Abstract: Children's Experiences in Foster Care When Their Removal Reason Relates to a Parent's Disability (Society for Social Work and Research 20th Annual Conference - Grand Challenges for Social Work: Setting a Research Agenda for the Future)

258P Children's Experiences in Foster Care When Their Removal Reason Relates to a Parent's Disability

Schedule:
Friday, January 15, 2016
Ballroom Level-Grand Ballroom South Salon (Renaissance Washington, DC Downtown Hotel)
* noted as presenting author
Elizabeth Lightfoot, PhD, Professor, University of Minnesota-Twin Cities, St. Paul, MN
Sharyn DeZelar, Doctoral Student, University of Minnesota-Twin Cities, Saint Paul, MN
Background

While there has been growing national attention to the experiences of parents with disabilities and their families in child welfare, there is little research on how the child welfare system serves families when a parent has a disability.

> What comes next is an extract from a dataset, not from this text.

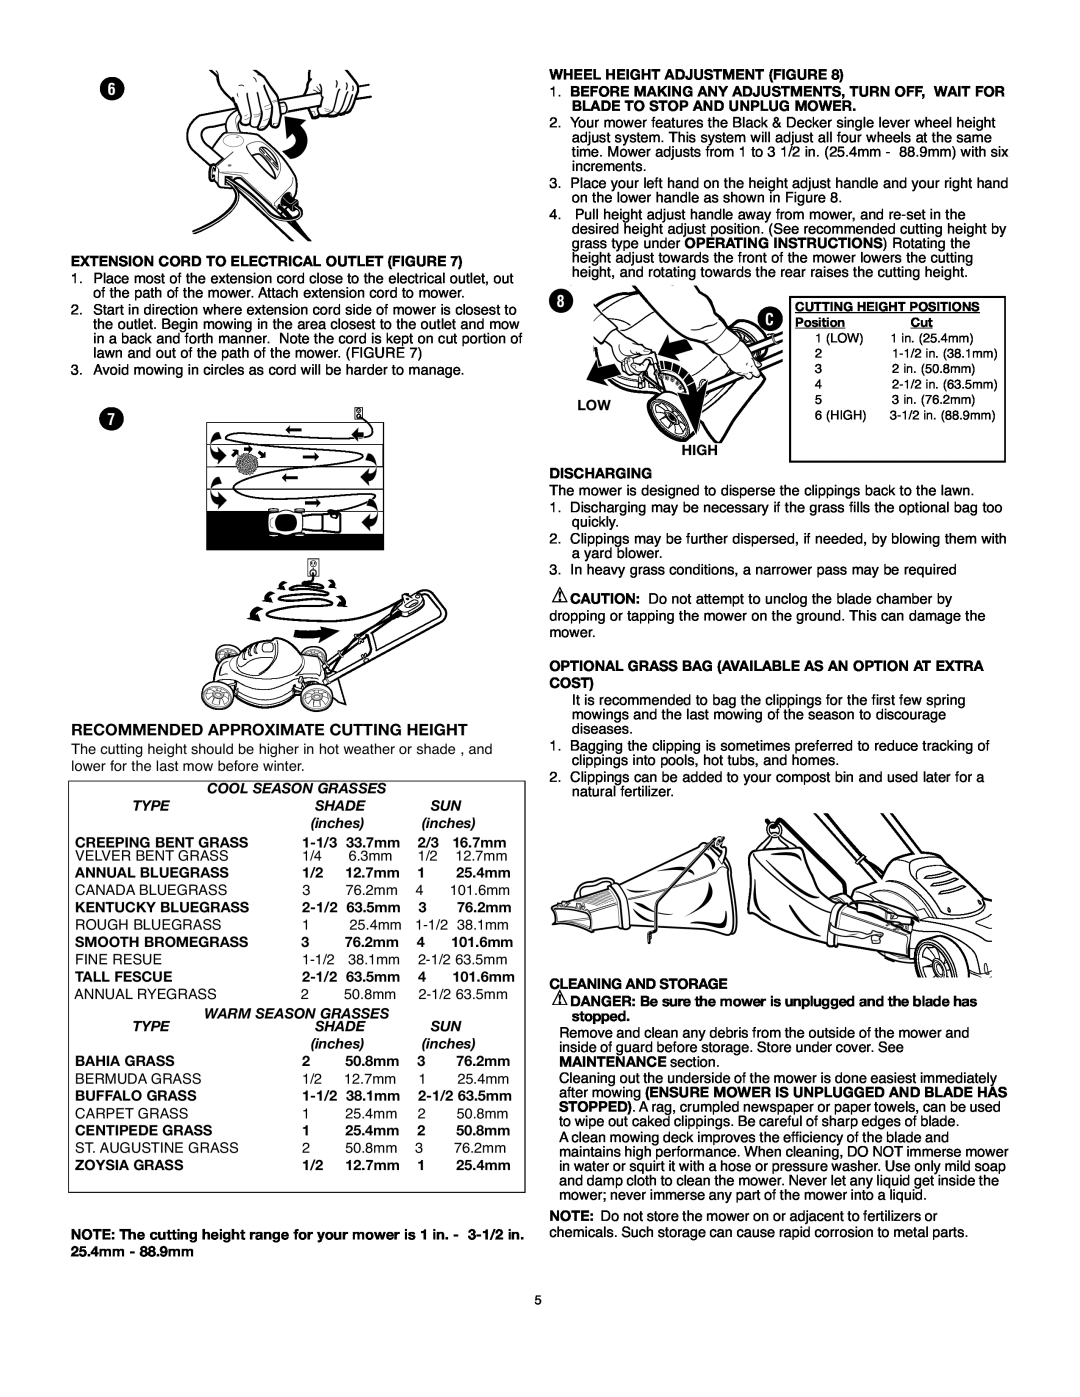 Black & Decker LM175 instruction manual Recommended Approximate Cutting Height

While the collection of national data on parental disability is quite uneven, the Adoption and Foster Care Reporting System (AFCARS), the federal reporting system that collects case-level data on all children in foster care through state and tribal IV-E agencies, does include a removal reason regarding a caretaker’s “physical or emotional illness or disabling condition”. The purpose of this study is to examine the experiences and outcomes of children in foster care who have this removal reason.

Methods

This study uses administrative data from the 2012 year of AFCARS, in which 19.5% of foster children had at least one removal reason of parental disability, and 5.6% had parental disability as their sole removal reason. Logistic regression was used to explore how a removal reason of parental disability correlated with type of placement, case plan of reunification, and reunification upon discharge. T-tests were used to compare children with and without parental disability as a removal reason in regards to length of stay in current placement, and total days in foster care. As foster children could have multiple removal reasons, analyses were conducted separately comparing children with parental disability as one of several removal reasons, and those with parental disability as their sole removal reason.

Results

This study finds that children who had parental disability as a sole removal reason were 1.34 times more likely to be in non-relative foster care than were those without parental disability as a sole removal reason. Children who had parental disability as one of several removal reasons spent an average of 100 days longer in their current foster care setting and 116 more total days in foster care than those without parental disability as a removal reason. Children with parental disability as a sole removal reason spent an average of 205 days more in their current setting and 240 more total days in foster care than those without disability as a sole removal reason. Those with parental disability as one of several removal reasons were 33% less likely to have a case goal of reunification and 22% less likely to be reunified upon case closure, and those with parental disability as a sole removal reason were 32% less likely to have a case plan of reunification and 50% likely to have reunification as an outcome upon case closure.

Implications

Findings indicate that children who have parental disability as a removal reason have different experiences in child welfare and different child welfare outcomes than those without parental disability as a removal reason. While the AFCARS removal reason of parental disability is not a proxy for parental disability and is unevenly used by child welfare agencies, the study points to a need for closer attention to parental disability within the child welfare system to ensure appropriate services.